Menghadapi Beban Utang Multigenerasi

Menghadapi Beban Utang Multigenerasi

Rene L Pattiradjawane  ;  Wartawan Senior Kompas
KOMPAS, 25 Mei 2015


                                                                                                                                                           
                                                
Persaingan antara Tiongkok dan Jepang sebagai kekuatan keuangan Asia setidaknya memiliki tujuan yang sama. Kedua kekuatan ekonomi dunia asal Asia ini sama-sama berambisi memperluas jangkauan kebijakan luar negeri dalam menghadapi perubahan drastis geopolitik dunia yang bertumpu pada kawasan Asia Pasifik.

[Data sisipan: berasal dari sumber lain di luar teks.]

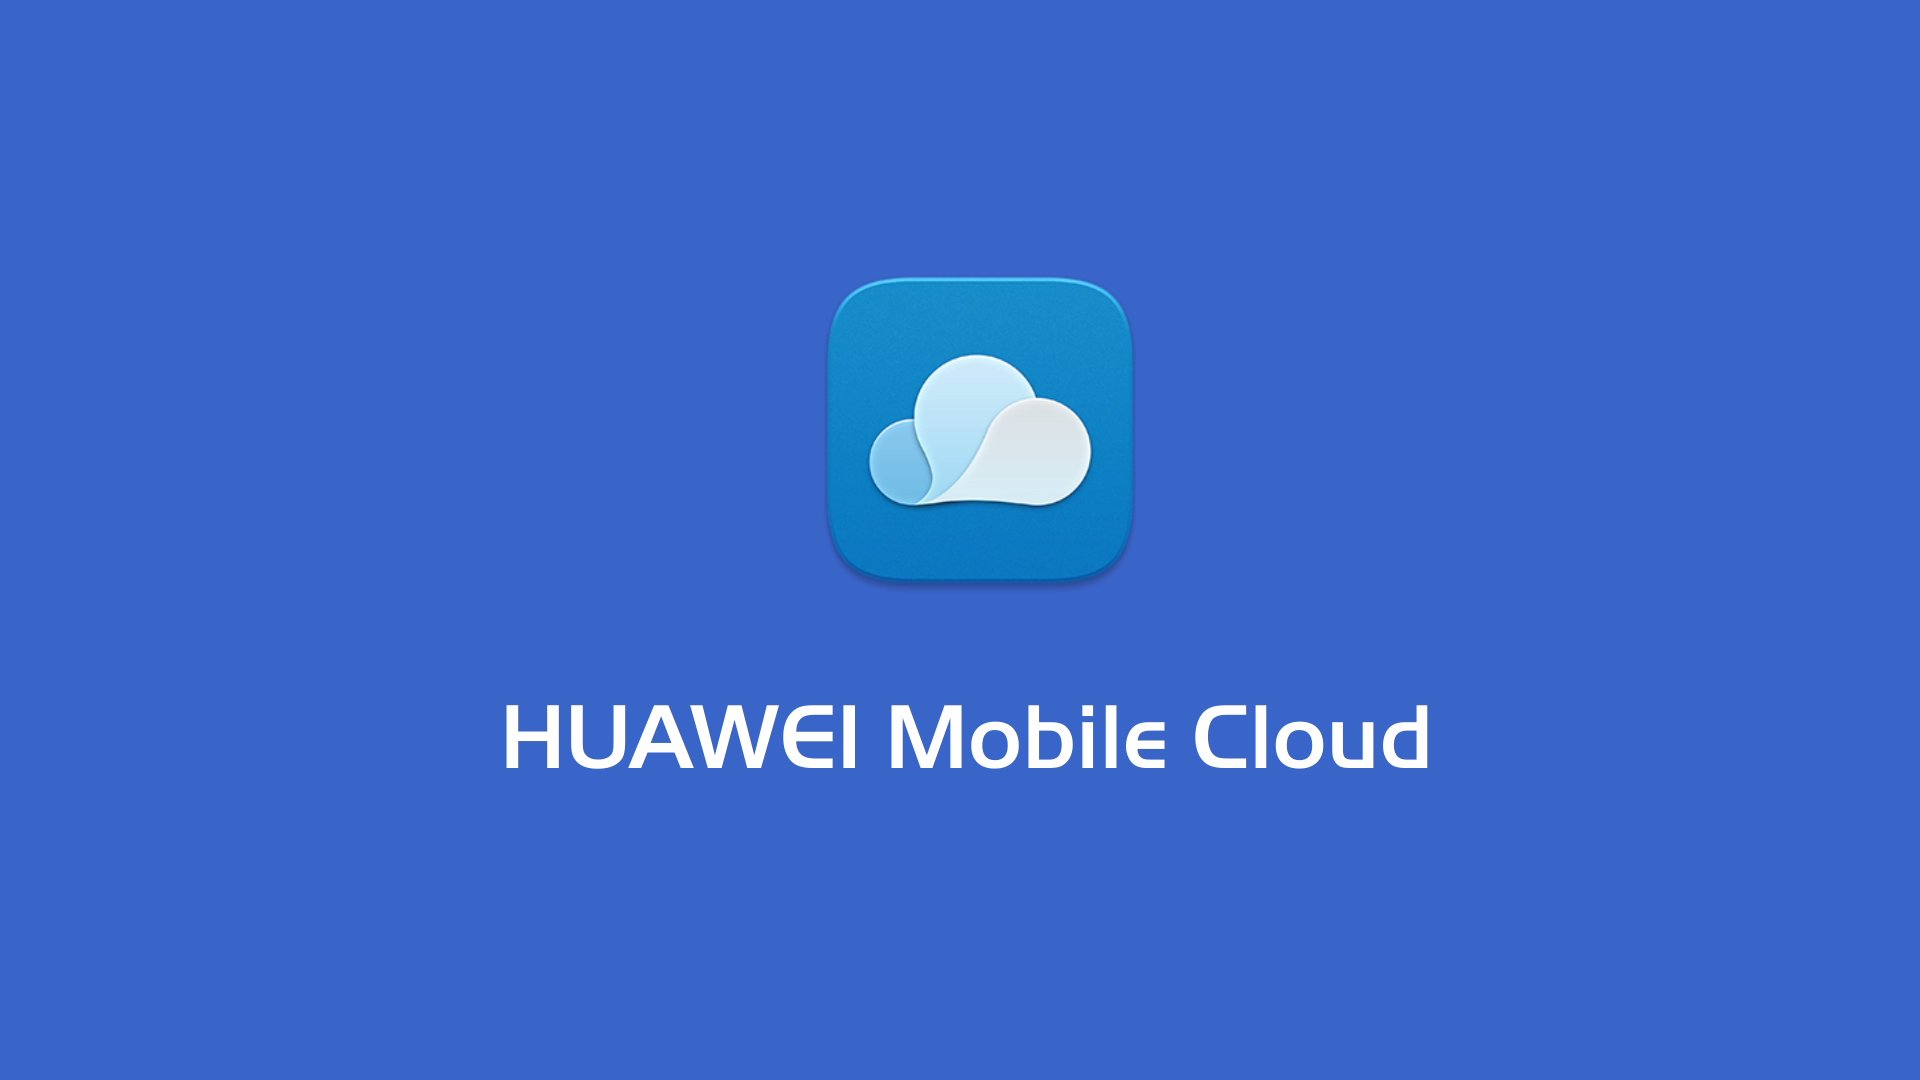 Prognozowany wzrost zachmurzenia ze wschodu – Huawei Cloud wreszcie z możliwością dokupienia większej przestrzeni 21

Dunia sekarang menghadapi perubahan konstelasi perimbangan kekuatan ekonomi, perdagangan, keuangan, sosial, budaya, dan militer tidak hanya antarnegara Asia Tiongkok-Jepang-India, tetapi juga kekuatan luar kawasan, seperti AS, Jerman, Inggris, dan Brasil.

Ketika PM Jepang Shinzo Abe mengumumkan menambah anggaran 110 miliar dollar AS melalui Bank Pembangunan Asia (ADB) bagi investasi infrastruktur berkualitas di Asia, konstelasi perimbangan kekuatan mengarah pada persaingan lingkup pengaruh negara-negara besar. Berbagai ambisi investasi digelar bersamaan peningkatan anggaran biaya militer masing- masing kekuatan negara Asia dari Jepang, Tiongkok, Asia Tenggara, Asia Selatan, sampai ke Timur Tengah.

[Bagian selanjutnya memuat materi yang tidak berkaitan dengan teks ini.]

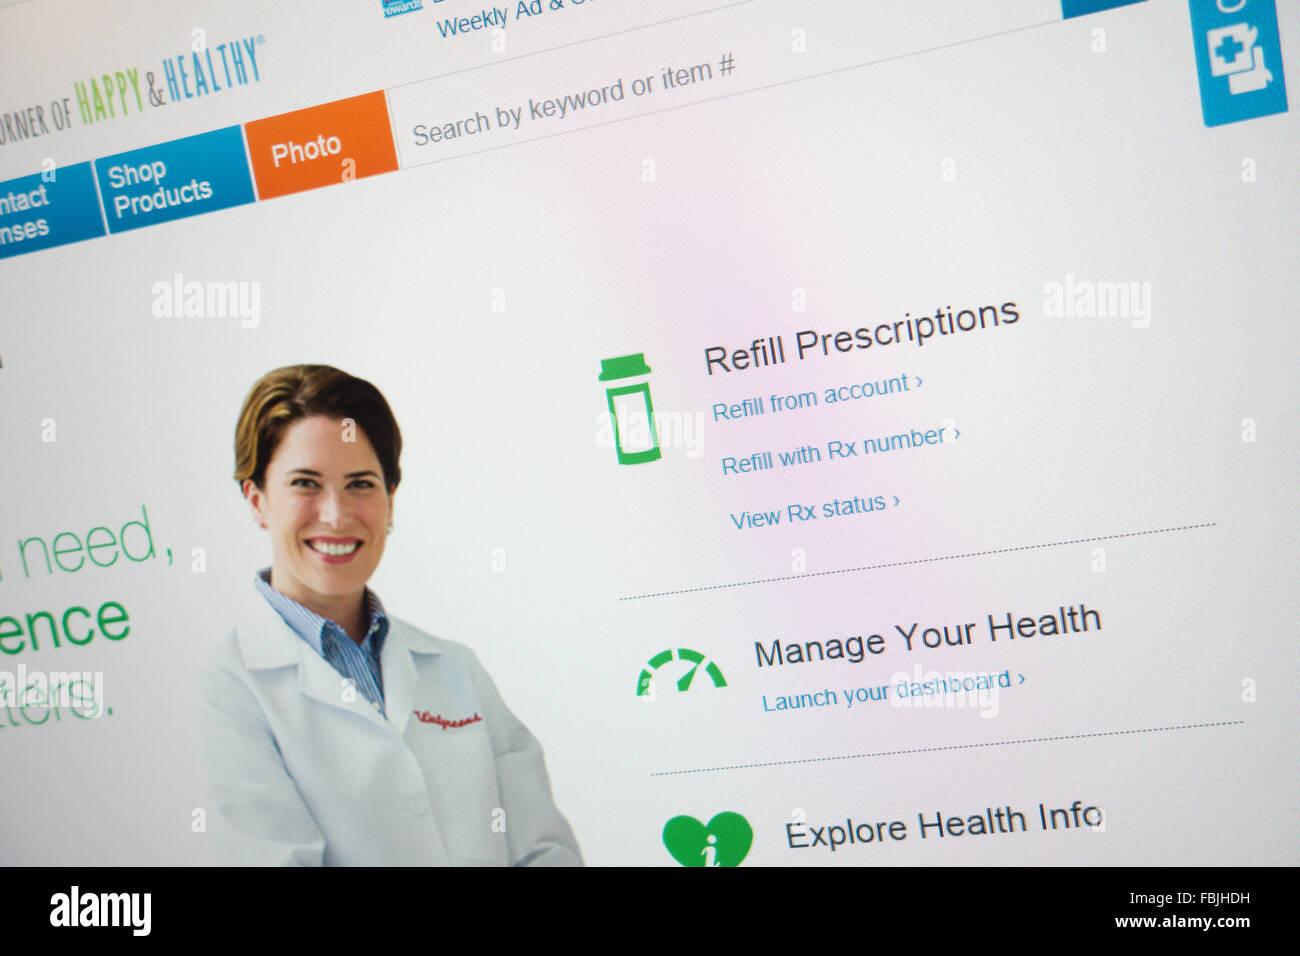 online prescription web site - Stock Image

Kita sekarang berada di tengah proses pembentukan ulang lingkungan politik global yang mengarah sangat kental pada konteks pembangunan ekonomi. Berbagai dana investasi pembangunan, khususnya infrastruktur, menjadi tema penting pada tingkat regionalisme dan multilateralisme.

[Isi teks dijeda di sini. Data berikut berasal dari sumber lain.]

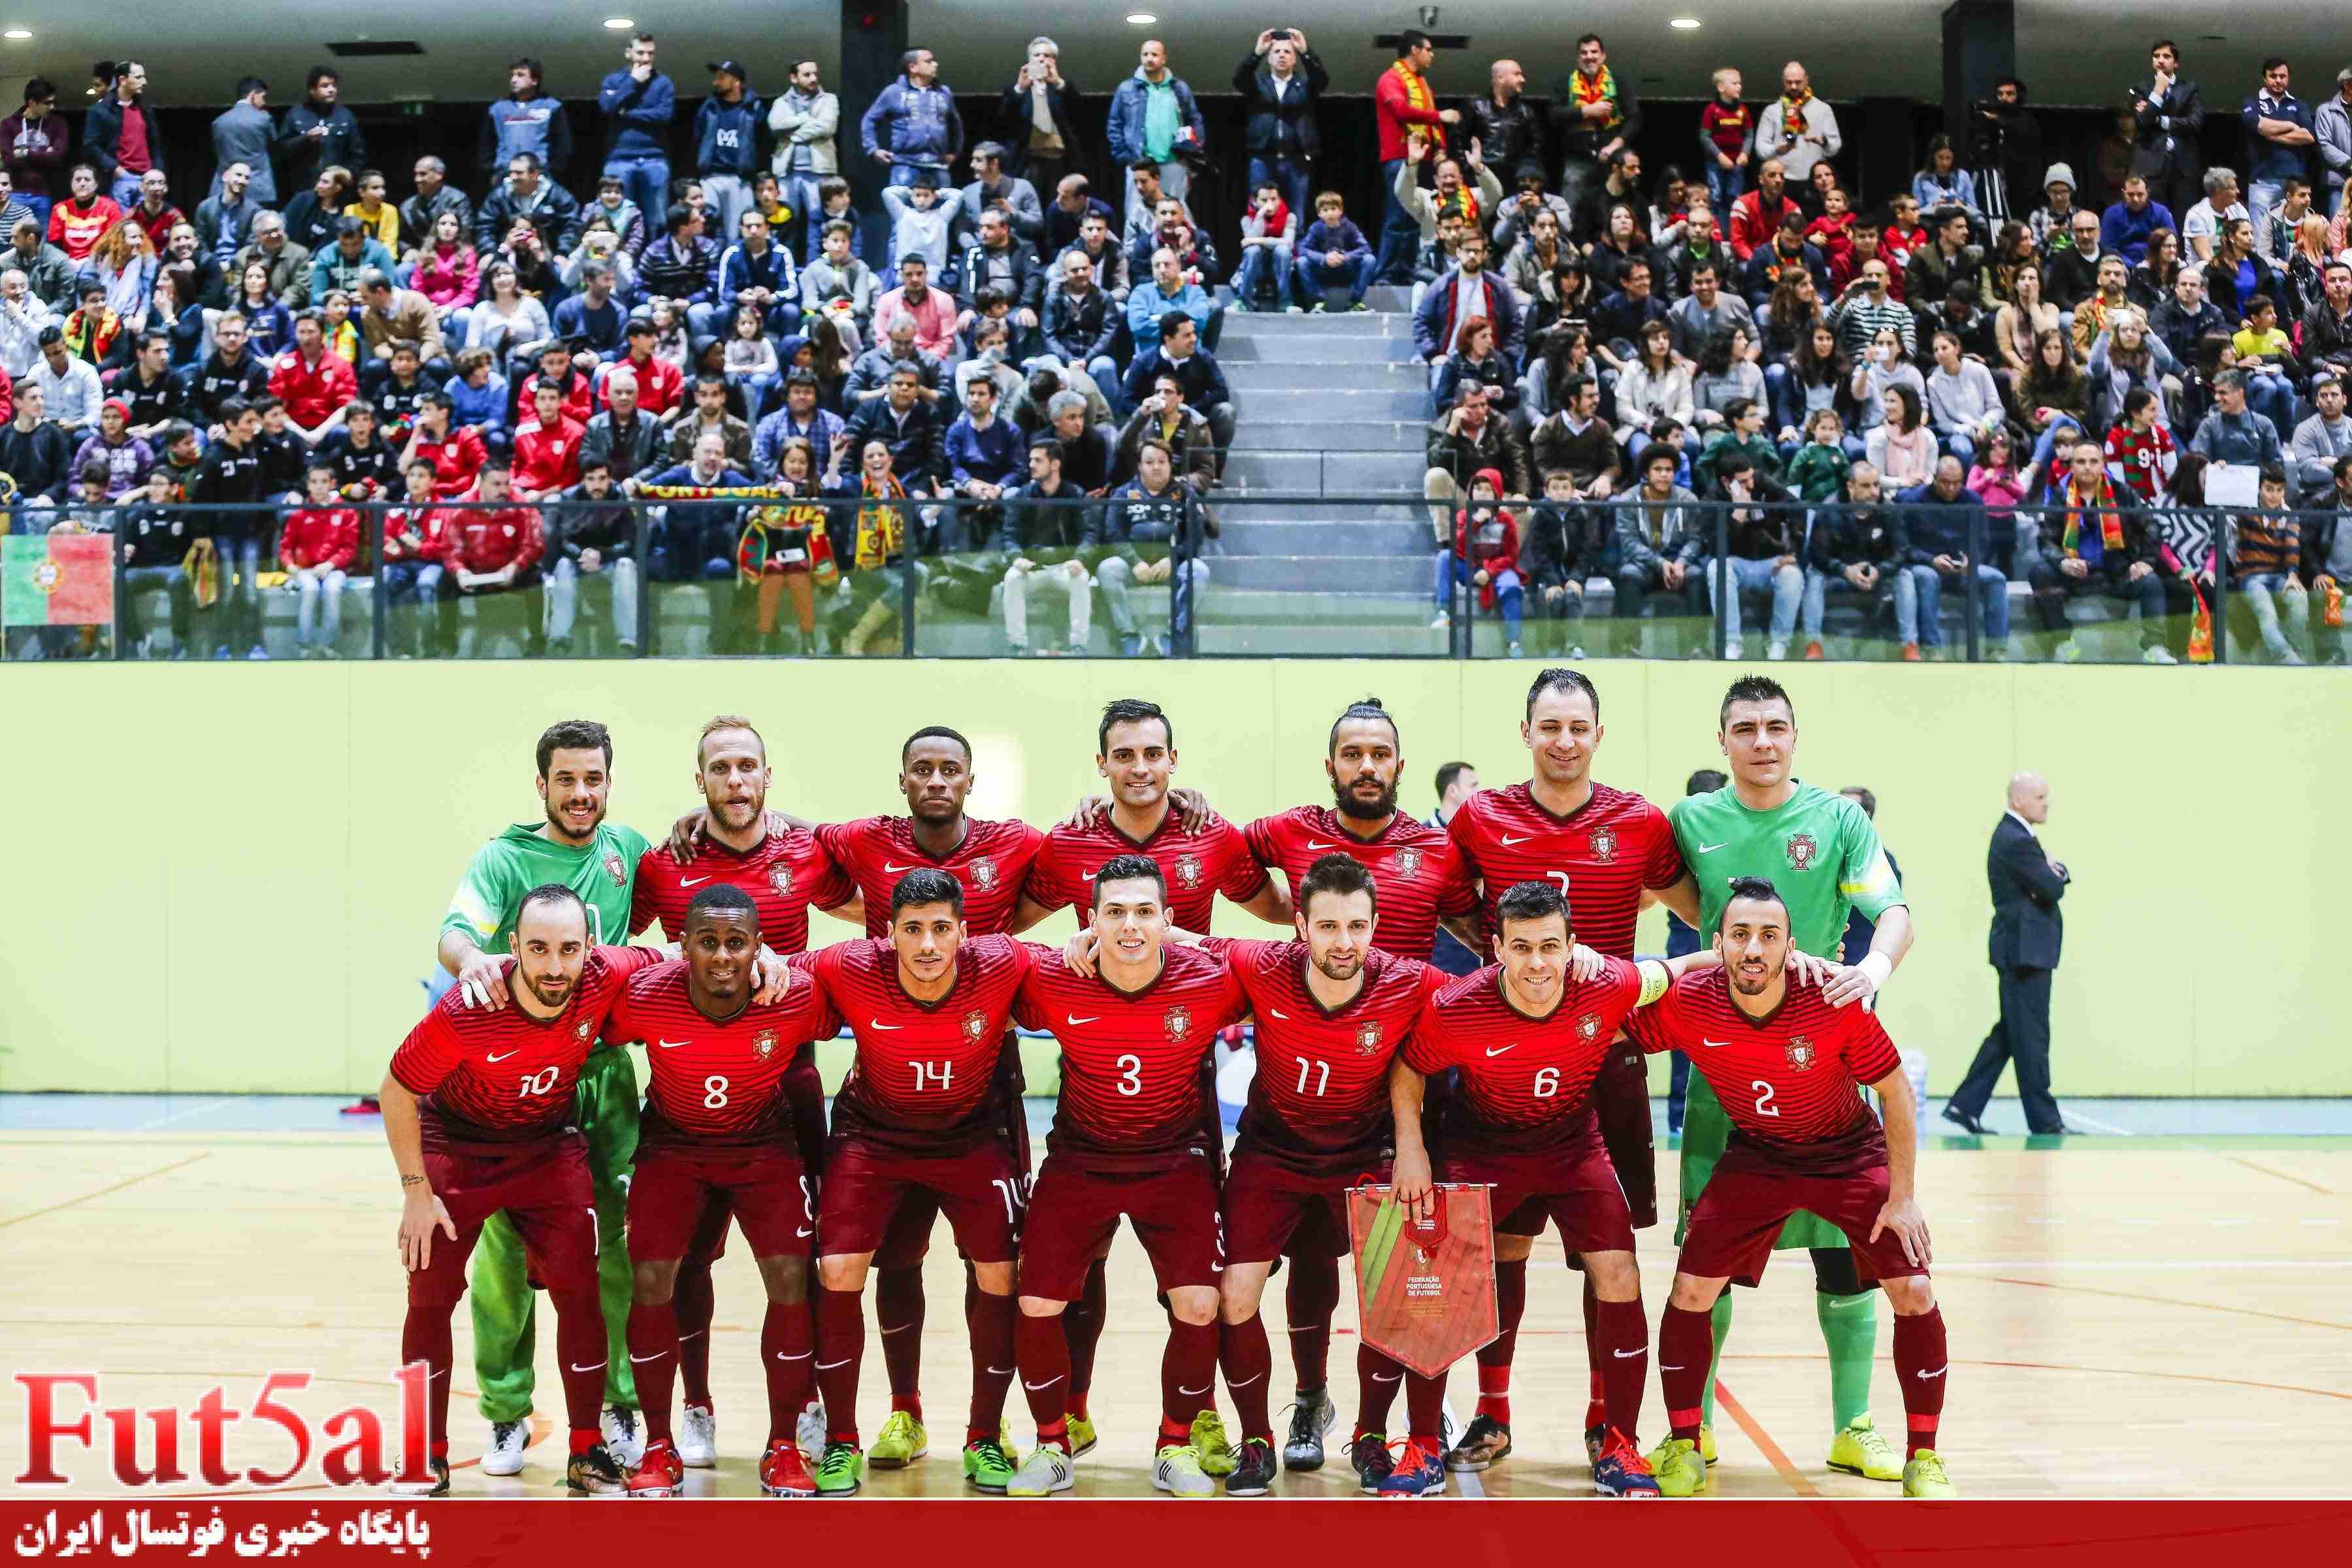 ۱۴ بازیکن به تیم ملی پرتغال دعوت شدند / حضور مجدد ریکاردینو در فهرست براز

Berbagai negara, khususnya Asia, seperti Tiongkok dan Jepang, mengarahkan globalisasi sebagai aktivitas konversi kapitalisme membentuk masyarakat baru keluar dari naungan masyarakat kapitalis Amerika Utara dan Eropa. Tuntutan akan otonomi dan penentuan nasib sendiri atas persoalan ekonomi, keuangan, dan perdagangan tetap menjadi proliferasi bagi berbagai institusi global, dengan penekanan tuntutan-tuntutan baru dalam mekanisme kerja sama pembangunan berkesinambungan.

Bagi Indonesia yang terdesak mengembangkan berbagai proyek infrastruktur, ada beberapa pertimbangan yang perlu dilakukan. Pertama, tidak ada yang berubah dalam struktur Bank Investasi Infrastruktur Asia (AIIB) bentukan Tiongkok yang akan menguasai 30,85 persen saham kepemilikan sebagai entitas tunggal mengalahkan kepemilikan saham AS dan Jepang di ADB (masing-masing 15,7 persen dan 15,6 persen).

Pada kenyataannya, AIIB tidak sesuai dengan apa yang diucapkan Presiden RRT Xi Jinping di depan DPR pada Oktober 2013 tentang perlunya prinsip win-win melalui kesetaraan dan saling menguntungkan. Ketika itu, Xi Jinping berbicara dengan peribahasa Ji li dang ji tianxia li yang secara harfiah berarti "berkaitan dengan keuntungan harus memperhitungkan keuntungan seluruh dunia".

Kedua, dalam jumlah hampir sama dana investasi bagi infrastruktur yang diajukan PM Shinzo Abe, posisi kita lebih menguntungkan di ADB dibandingkan di AIIB. Karena di AIIB, menurut Institut bagi Kebijakan Ekonomi Korea (KIEP), saham Indonesia di AIIB hanya 3,99 persen, sedangkan di ADB saham Indonesia tercatat 5,1 persen.

Tidak disangkal, Asia memerlukan pinjaman atau hibah untuk proyek-proyek besar sebagai cara mendukung pembangunan pembangkit listrik, sistem air, jaringan komunikasi, kereta api, dan jalan raya. Komitmen Jepang yang berjalan paralel dengan AIIB memberikan pilihan komparatif dalam menentukan mekanisme multilateralisme yang ingin dikembangkan di masa mendatang.

Perbaikan ekonomi melalui berbagai model investasi infrastruktur yang tersedia memberikan keuntungan sangat signifikan bagi ratusan juta rakyat Asia. Mentransformasikan pembangunan ekonomi ini akan menjadi model baru keluar dari beban utang multigenerasi triliunan dollar AS.